23 avril > Roman Portugal

Une petite famille - mari, femme, plus enfant - se balade un dimanche en ville. Lèche-vitrine pour la femme et ennui pour le mari et l’enfant : le petit s’amuse à shooter dans un caillou, l’homme s’impatiente et voudrait rejoindre un "cousin" dans un bar pour voir le match et par la même occasion discuter d’un job qu’on aurait pour lui. L’épouse, elle, achèterait bien cette valise rouge, la fait rouler, déambule avec, "comme une vraie star". "Elle en devenait même jolie", concède le mari et narrateur de Tout ce qui m’est arrivé après ma mort de Ricardo Adolfo. N’empêche : "Le seul voyage au programme était celui en métro pour rentrer à la maison." Au dit métro, les voilà enfin avec le bagage superfétatoire, mais bientôt éjectés sur le quai à la suite d’une panne. Paumés, pour le coup, au milieu de nulle part. Le chef de famille égaré maudit son oubli : "Jamais plus on ne sortirait de la maison sans notre adresse écrite sur deux papiers différents, un plan avec trois chemins de retour minimum, et le numéro de deux cousins du pays parlant étranger." A-t-on affaire à un couple atteint d’un Alzheimer précoce ? Ou peut-être encore à des touristes particulièrement godiches ? Non, celui qui raconte cette promenade dominicale virant au cauchemar est un immigré sans papiers ne parlant pas un traître mot de la langue pratiquée sur "l’île", ce paradis rêvé transformé en galère.

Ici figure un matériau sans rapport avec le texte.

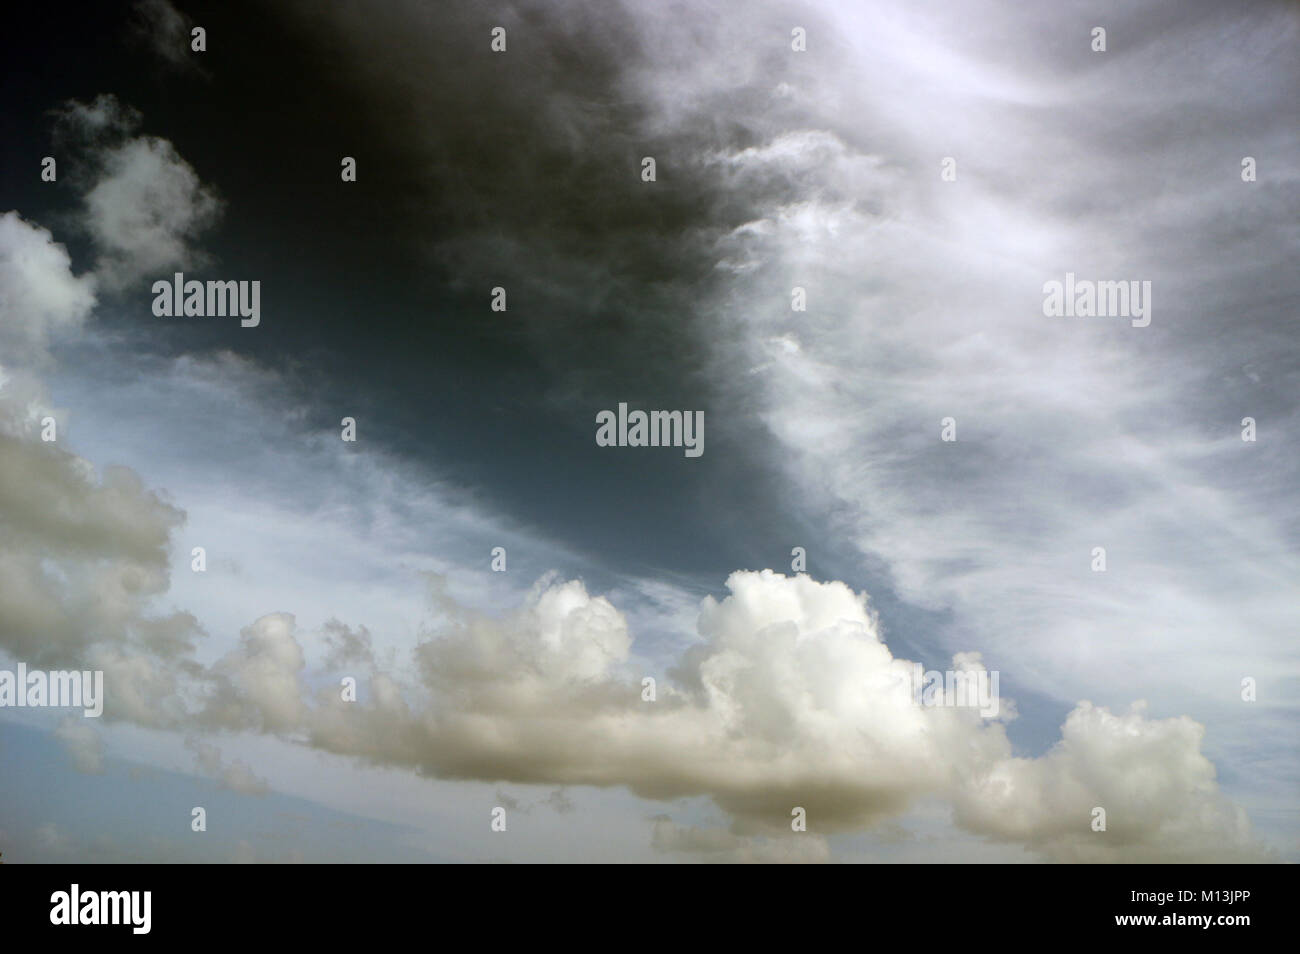 Schwere weiße Wolkenschichten in einem grauen Himmel mit weißen Streifen, Engelsflügel, Drachen, Seepferd oder Geistererscheinungen. Stockfoto
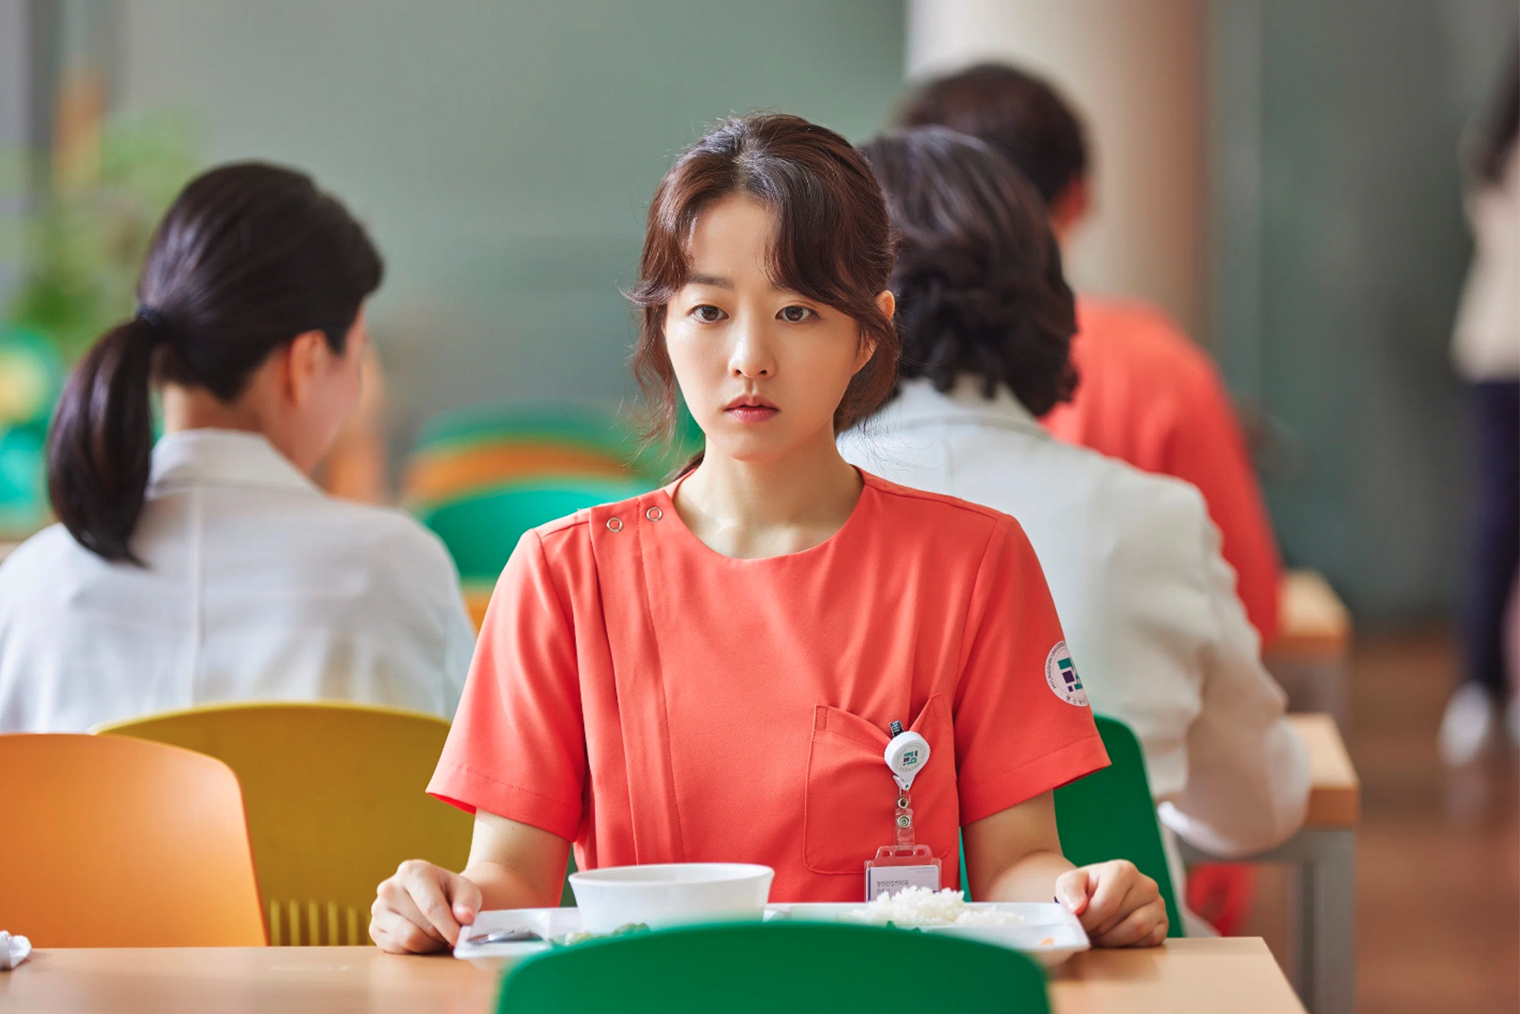 Медсестру сыграла актриса Пак По⁠-⁠ён, известная по дораме «Силачка До Бон Сун»

Disputes conjugales exacerbées par la précarité, dialogue de sourds avec les "îliens", espoirs dérisoires lorsqu’on croise un autre métèque compatriote d’infortune. Ricardo Adolfo, né en 1974 à Luanda (Angola), qui a grandi dans la banlieue de Lisbonne et vit actuellement à Tokyo, raconte de l’intérieur cet enfermement de l’étranger littéralement déboussolé, agissant contre son intuition car, faute d’ancrage linguistique et culturel, se dérobent tous les repères. L’ironie cocasse du récit rachète la misère du réel. Un huis clos à ciel ouvert virtuose. S. J. R.